Map of Alt-Treptow and Treptower Park, modified, based on Wikipedia.
Huguenots, Human zoos, global confrontation, gentrification
Marian lives in Bouchéstraße, named after a Huguenot family who arrived in Berlin from Bonnay in the French Champagne in the late seventeenth century, together with roughly 6,000 others who were welcomed to Brandenburg-Prussia after being persecuted during the Catholic Counter Reformation in France, one of many movements of religious refugees at the time. The Huguenots shaped Berlin to an extraordinary extent: before their arrival, the city had about 20–25,000 inhabitants, and the newcomers soon made up around fifteen percent of the population. They were seen as economically skilled and “civilized,” contributing to the city’s development, but also provoking jealousy among long-established Berliners who felt they received undue privileges. Johann Peter Paul Bouché (1759–1846), great-grandson of the first Bouchés in Berlin, was honored with the street name in Alt-Treptow because he transformed nearby land along the river Spree into a horticultural enterprise (“geregelte Anpflanzung von Gehölzen bei Treptow“/ “planned planting of wooded areas in Treptow”) that would later form the grounds of Treptower Park, one of Berlin’s famous green lungs. This very local detail makes it clear that the emerging capital of the German Empire was anything but “purely Germanic.” Yet these origins are largely invisible today, mostly known only to specialists. Even I was unaware of the street name’s history before I started this little investigation.

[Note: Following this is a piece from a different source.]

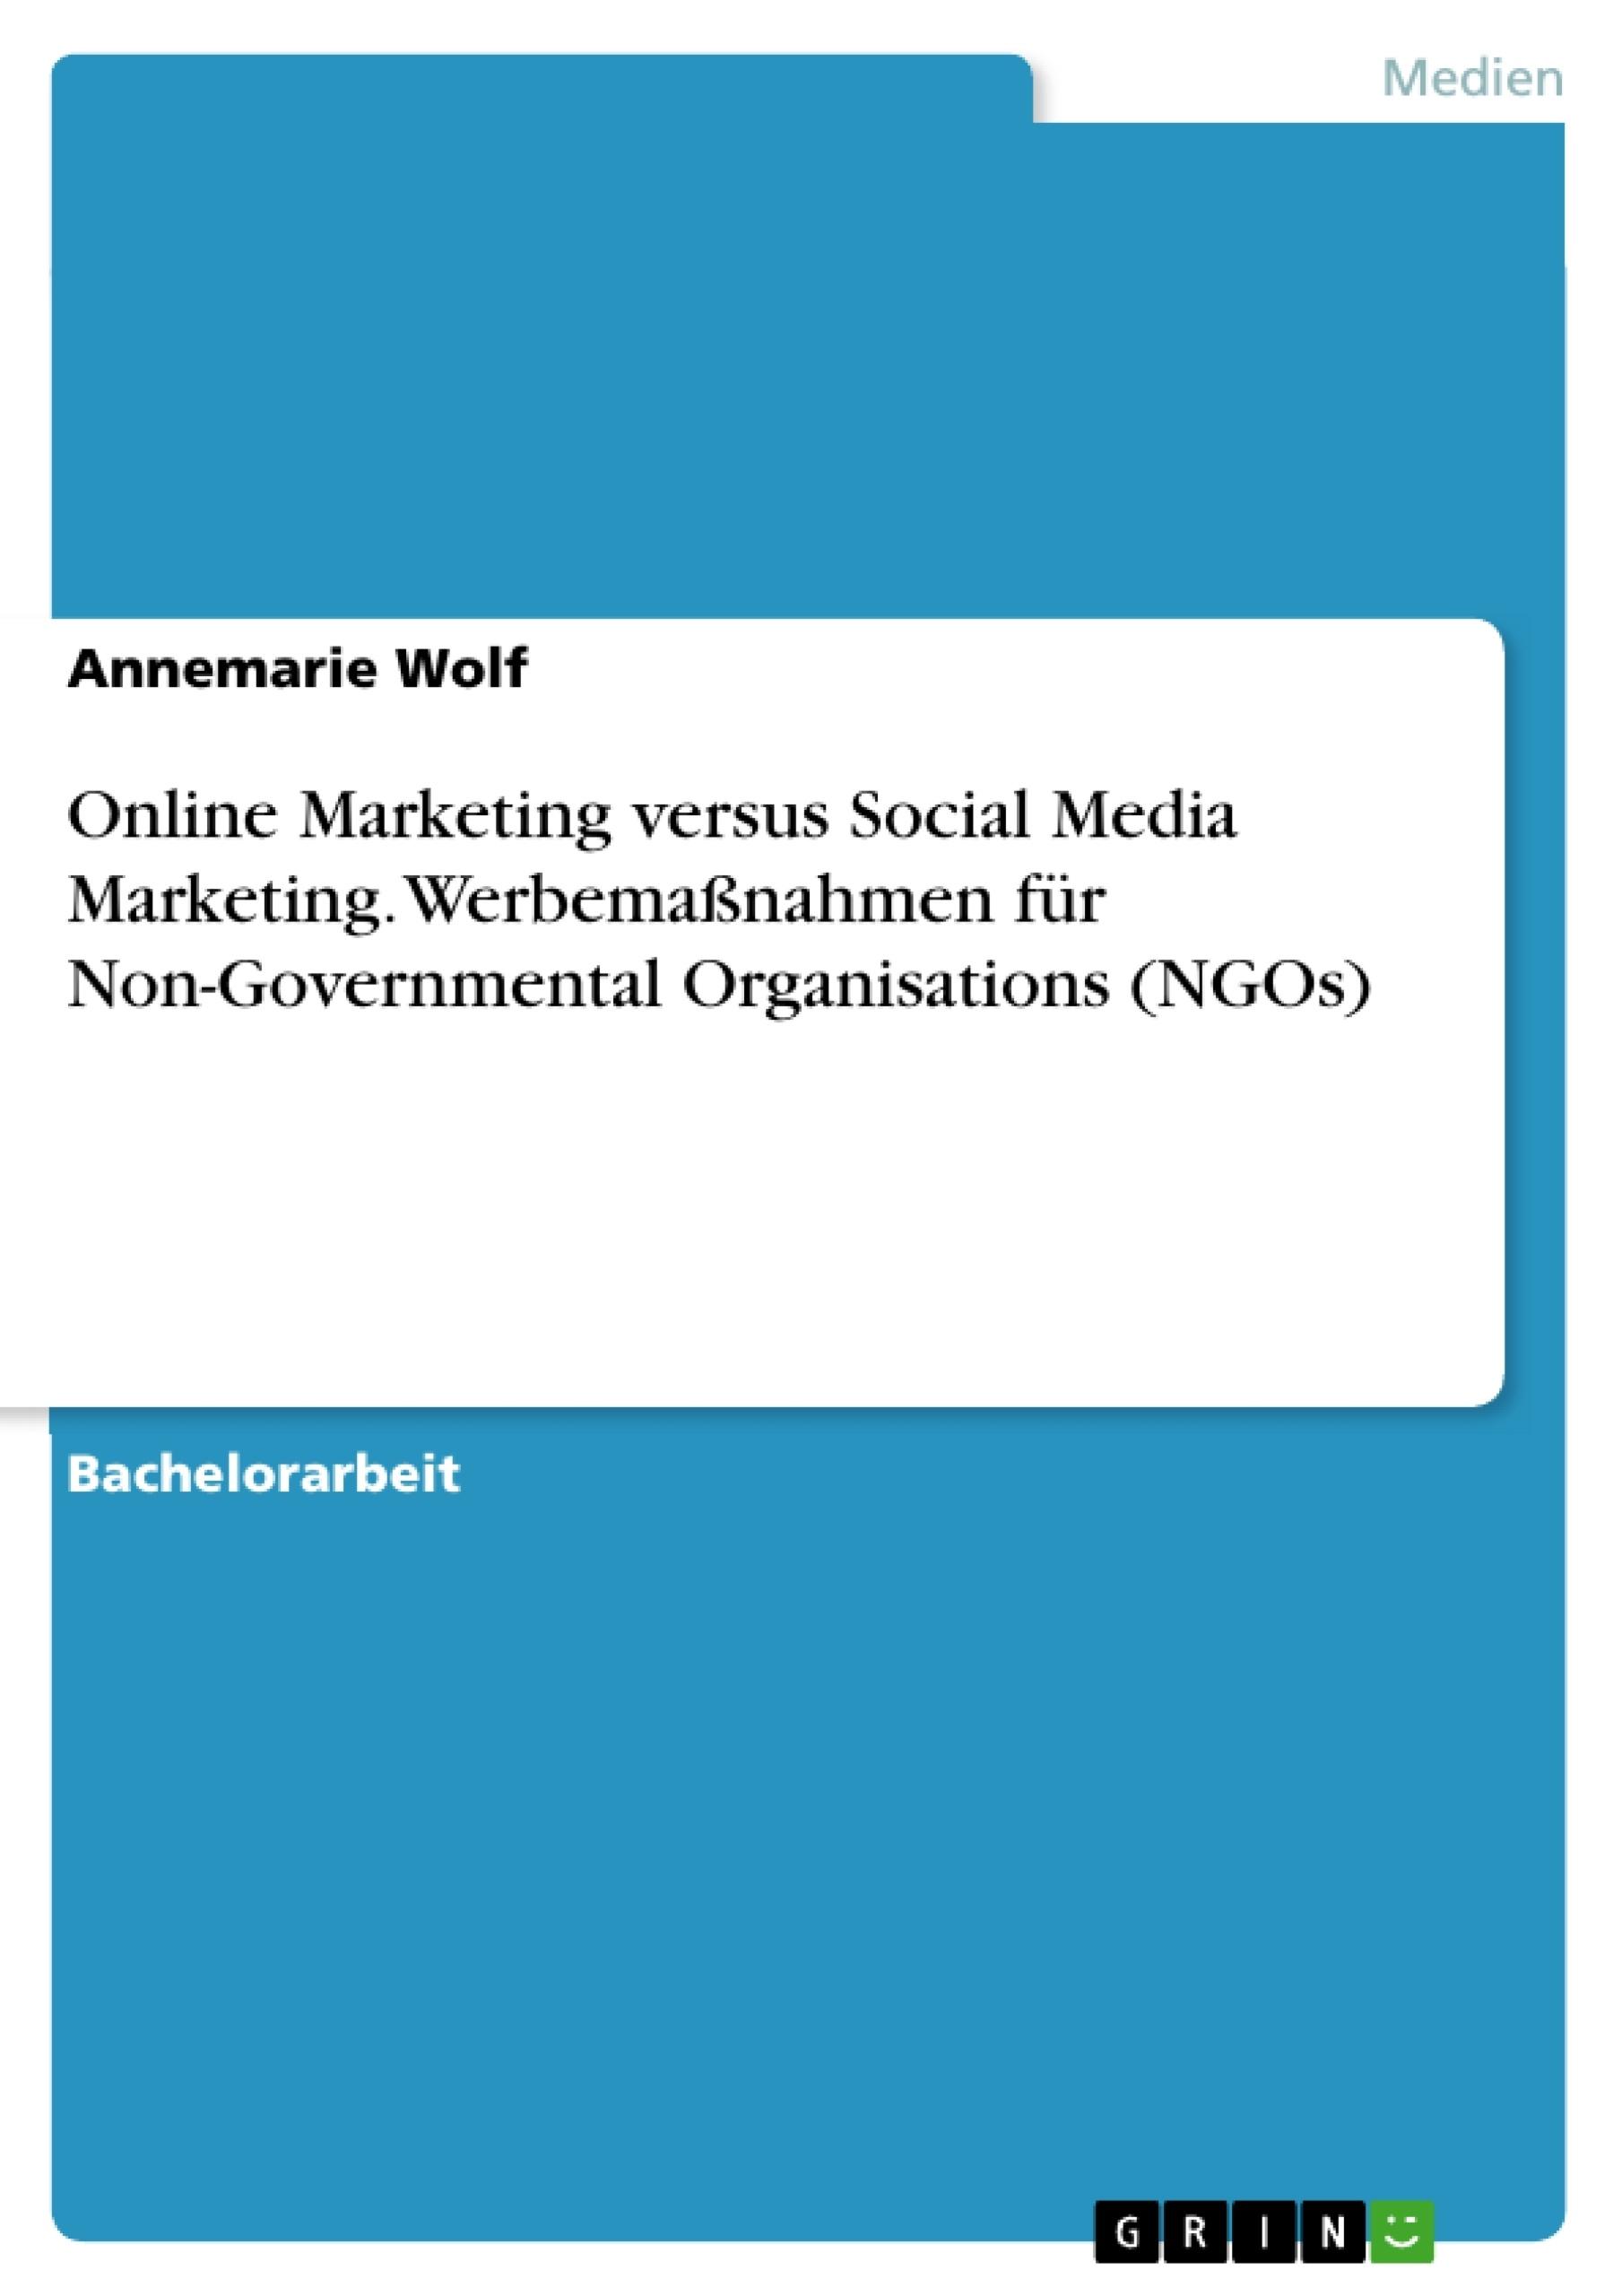 Titel: Online Marketing versus Social Media Marketing. Werbemaßnahmen für Non-Governmental Organisations (NGOs)

Ticket for the Berliner Kolonialausstellung, available at Digitale Landesbibliothek Berlin
In 1896, the same Treptower Park became the site of the Große Berliner Gewerbeausstellung (Great Industrial Exposition of Berlin), a huge exhibition, the German version of the World’s Fairs that Berlin never officially hosted. Alongside spectacular displays of industrial modernity, the exhibition featured the Berliner Kolonialausstellung (Berlin Colonial Exhibition), and in this frame an “African village” for which families from German colonies were brought to Berlin, 106 persons in total, and asked to perform “authentic” African life. They protested against their poor treatment and the way they were exhibited to the public. Imperial ambitions abroad were tied to a domestic mission: educating the public, here in Alt-Treptow, about the colonies and justifying the supposed “civilizing” efforts of colonial rule. This glorification of colonialism and racism has until recently rarely been acknowledged in the neighborhood’s contemporary historiography. However, since 2021 the local Berlin-Treptow museum has hosted the permanent exhibition titled “zurückgeschaut | looking back.”[1]

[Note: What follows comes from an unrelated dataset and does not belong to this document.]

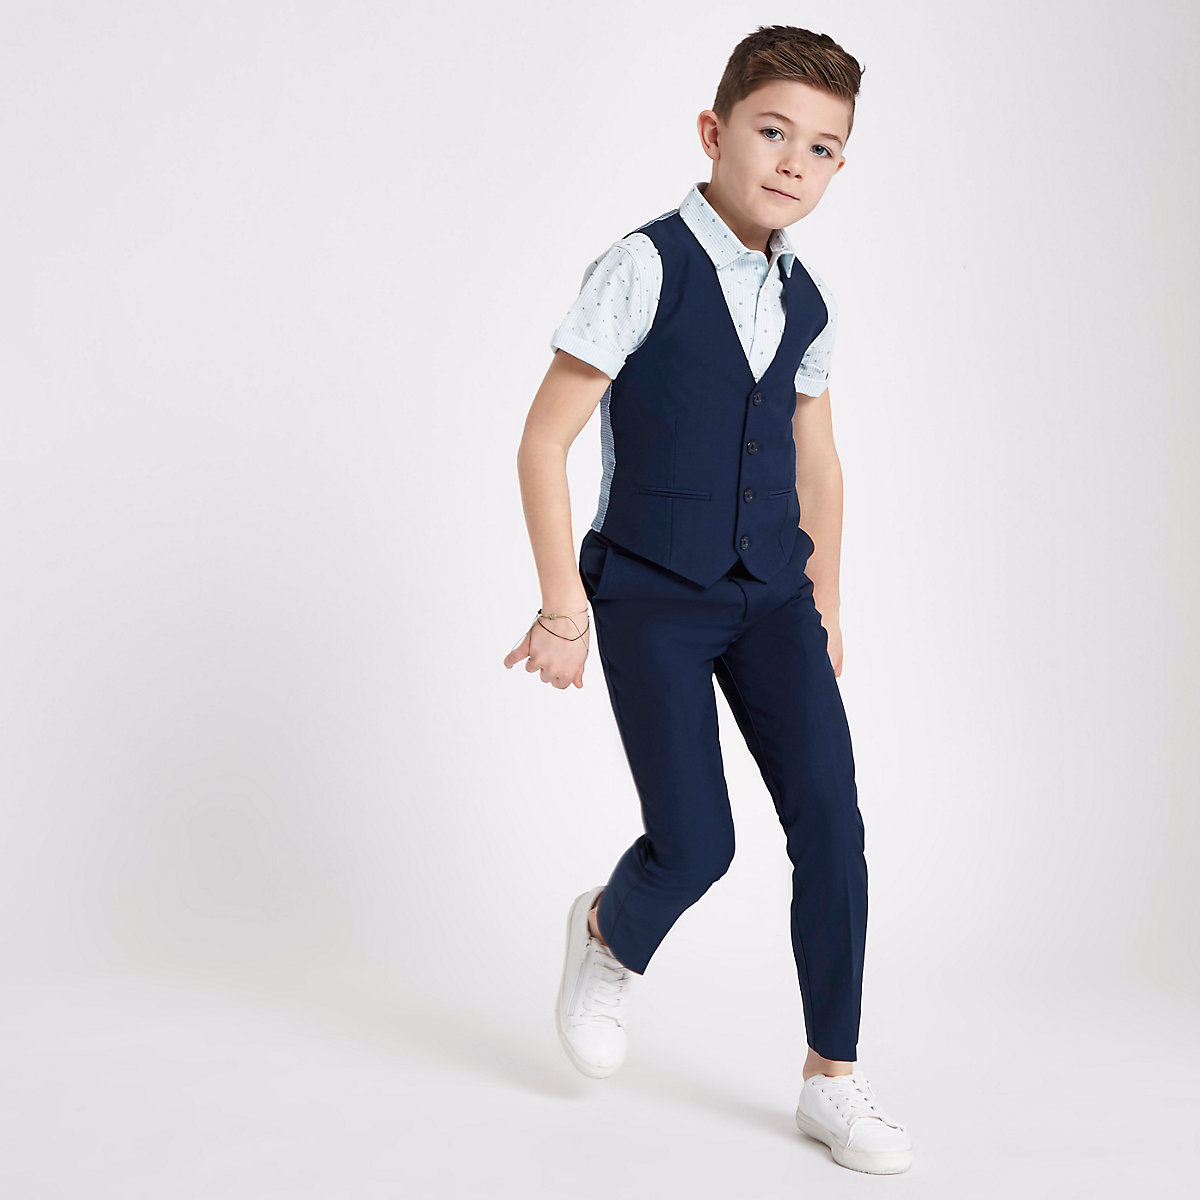 Gilet de costume bleu marine pour garçon

The scale of the entire Gewerbeausstellung was enormous. Seven million people visited it, and the event reshaped public transport routes and stations in the urban area, leaving infrastructural traces that constitute an overlooked marker of globalization until today. Much later, after the Second World War, Treptower Park became the site of a vast Soviet war memorial which also serves as a military cemetery. Today this memorial is entangled in ongoing struggles over commemoration, between those who support Putin’s imperial Russia and those who advocate a strong, independent Ukraine, the latter arguing that Russia instrumentalizes the memorial for imperial purposes.
The wall in Bouchéstraße, available at Wikipedia.
After 13 August 1961, the part of Bouchéstraße where Marian lives was divided by the Berlin Wall. One side belonged to the GDR and the Warsaw Pact, the other to West Berlin, fashioned as a beacon of the “free world,” placing the street at the epicenter of the global confrontation of the period. At the same time, Alt-Treptow was thus located at a dead corner of the city of East Berlin, surrounded by the wall on three sides as can be seen by the purple line on the left side of the map above. Because the wall here lacked the broad death strip found in other parts of the city, making escape routes to the West more easily accessible, the GDR authorities settled families loyal to the regime in many of the houses. Indications of this very localized elite – at least that is how I perceive it – are still noticeable in the neighborhood, often embodied by older men whose habitus hints at a different societal formation, now confronted with the newcomers to Alt-Treptow. This too is a global story. In the past ten to fifteen years construction began where the GDR had cleared land along the wall. Many of the new buildings offer owner-occupied flats, attracting young families. Like the rest of Berlin, Alt-Treptow has been affected by steeply rising costs of living and processes of gentrification; many families can no longer afford the city center and move to the suburbs. Yet in these newly built homes in Alt-Treptow, one finds a striking number of binational and “multicultural” families. For these global families, remaining in an international, liberal, and cosmopolitan city center – with a different vibe than the often more conservative or right-wing areas around Berlin – has particular importance, and the new housing provided an opportunity to do so, even if it means a heavy financial burden.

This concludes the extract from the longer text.